====== Material provided ======

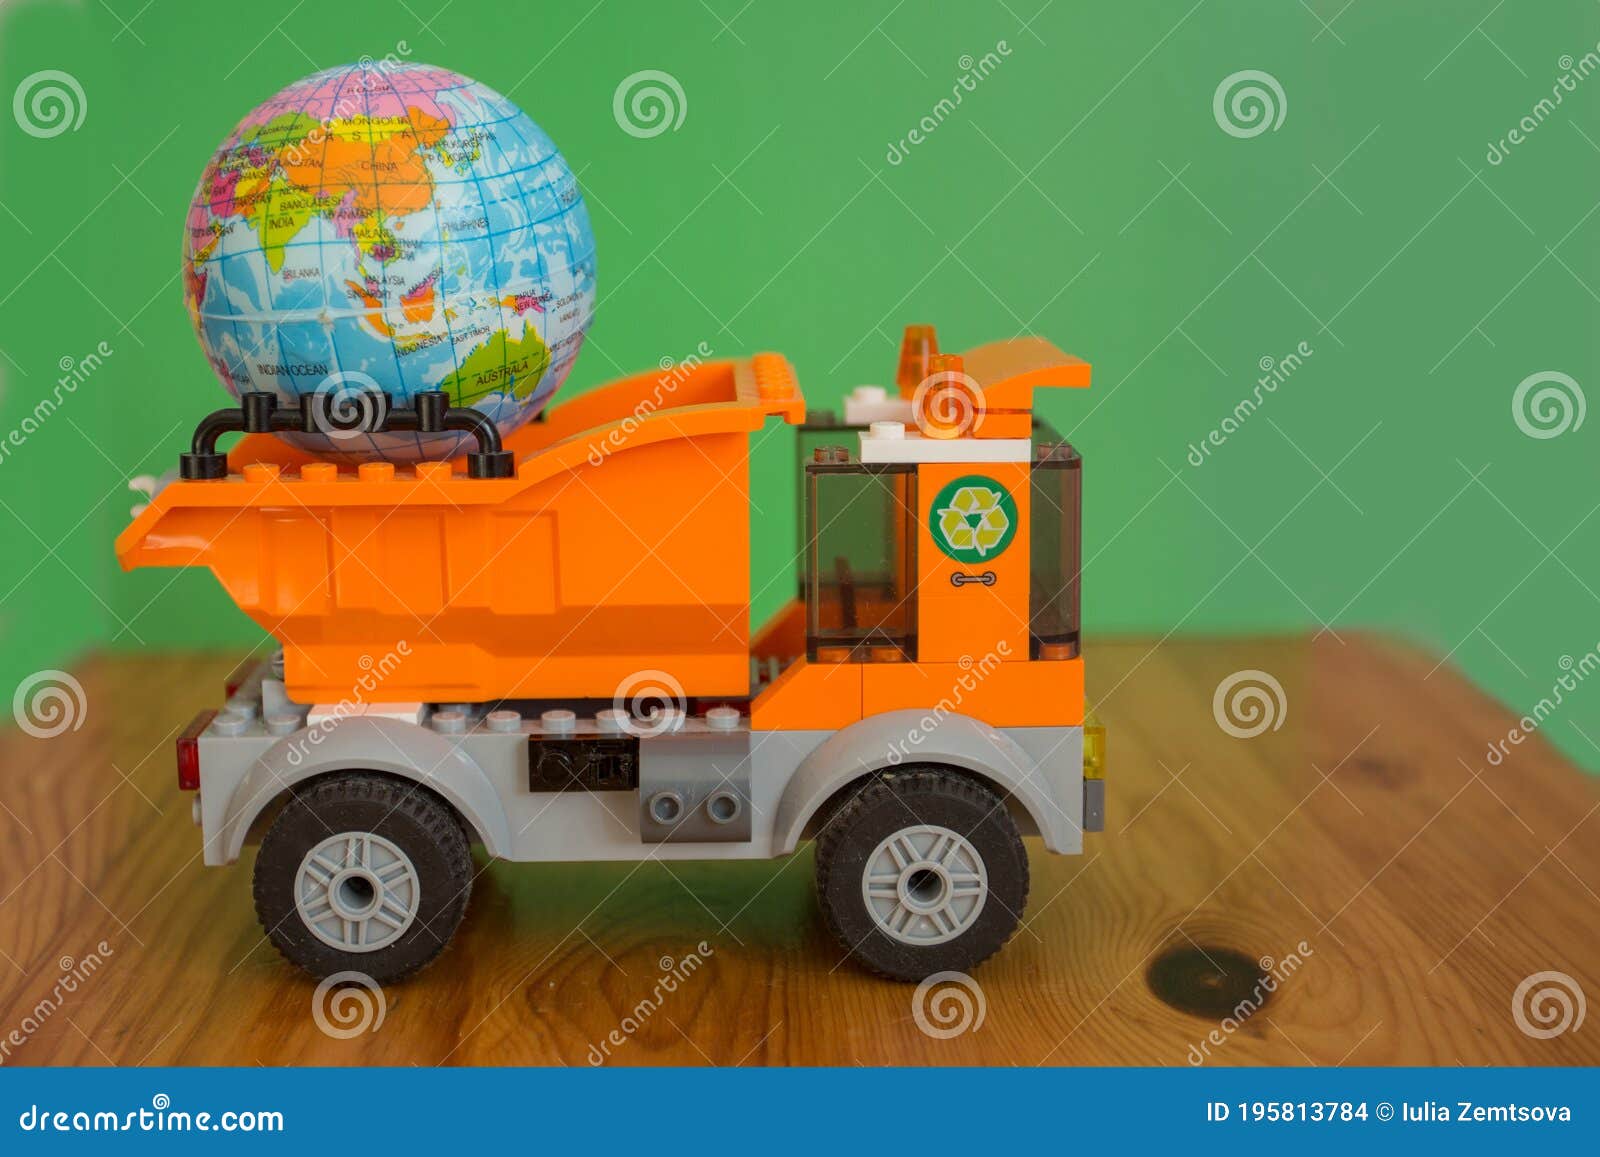 little globe in garbage truck. eco concept.
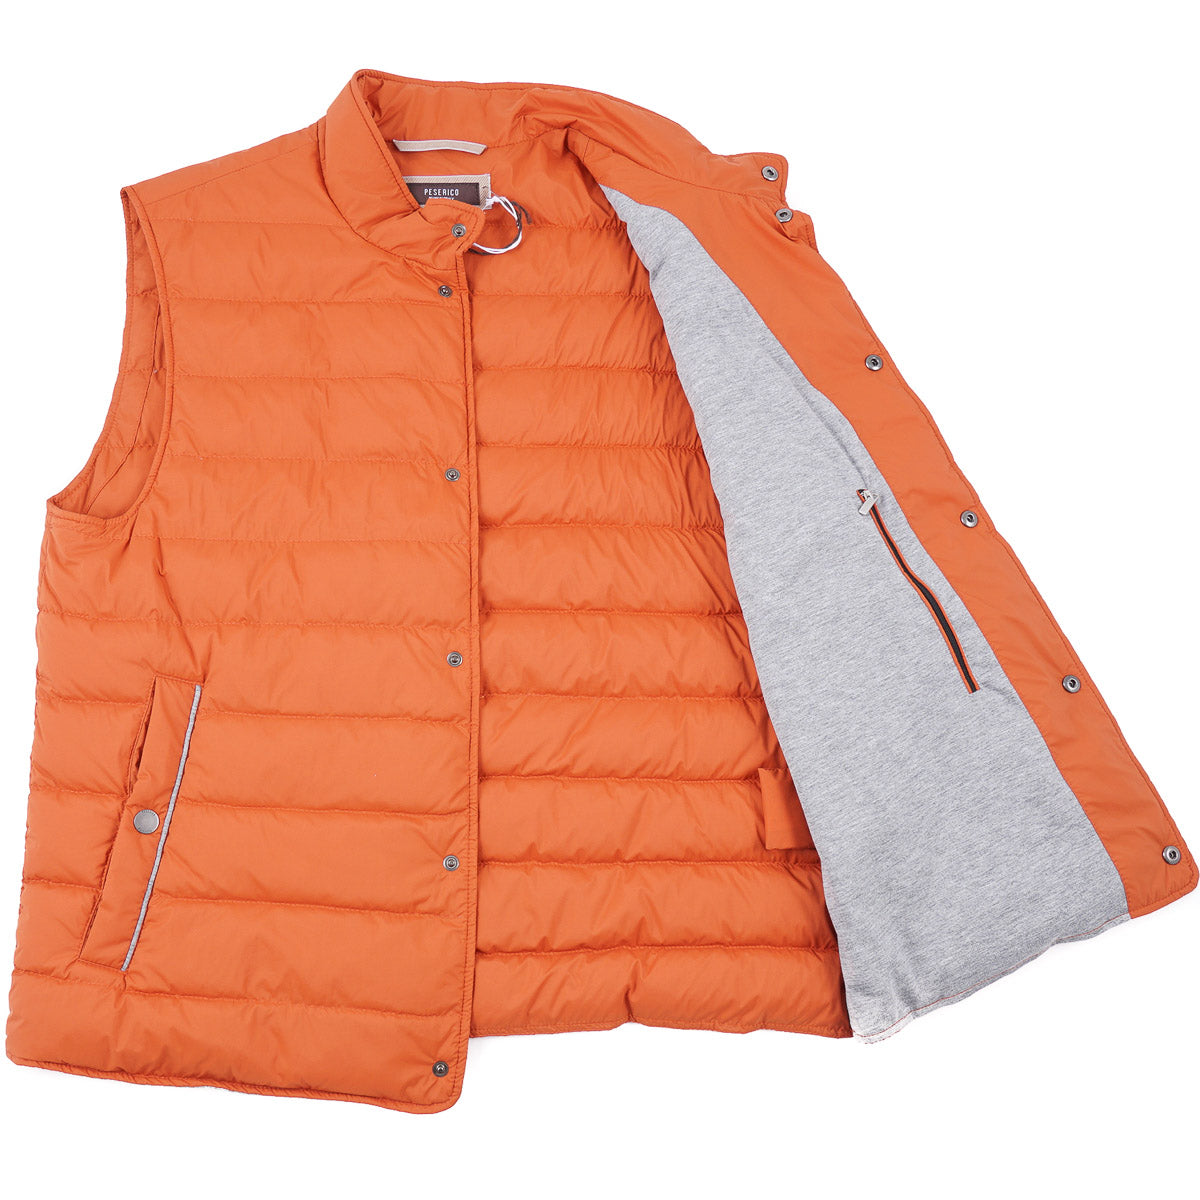 Peserico Lightweight Quilted Down Vest - Top Shelf Apparel
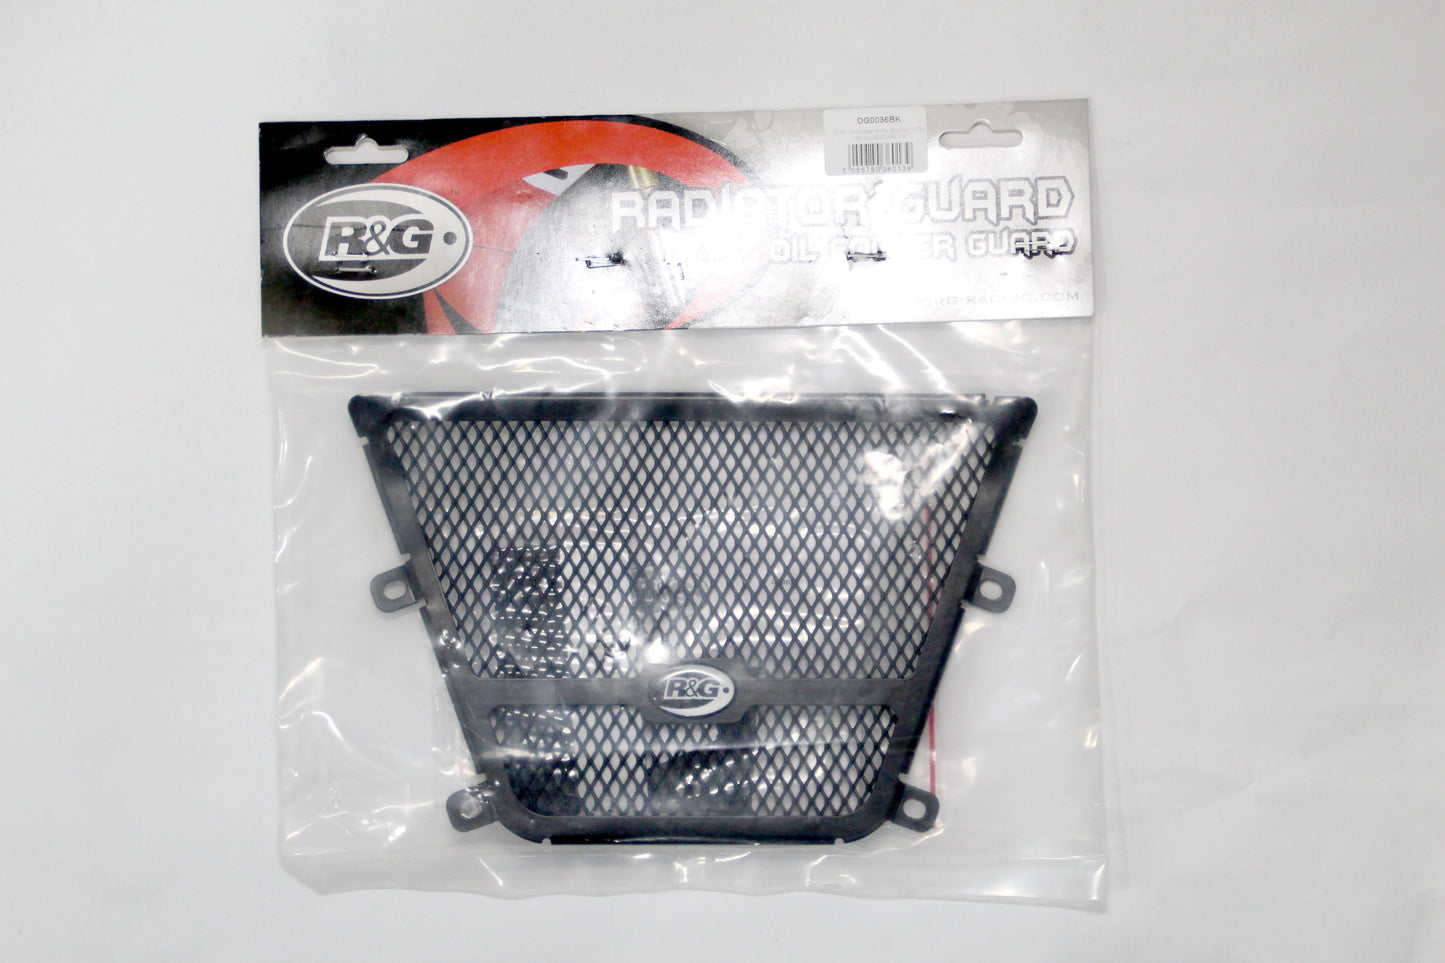 R&G Downpipe Grille fits for KTM 790 Adventure ('19-) - Durian Bikers

======

| What needs to be done |
Write out the data exactly, and exclude every picture it holds.

| Result for this task |
 little globe in garbage truck. eco concept.
 Peserico Lightweight Quilted Down Vest - Top Shelf Apparel
 R&G Downpipe Grille fits for KTM 790 Adventure ('19-) - Durian Bikers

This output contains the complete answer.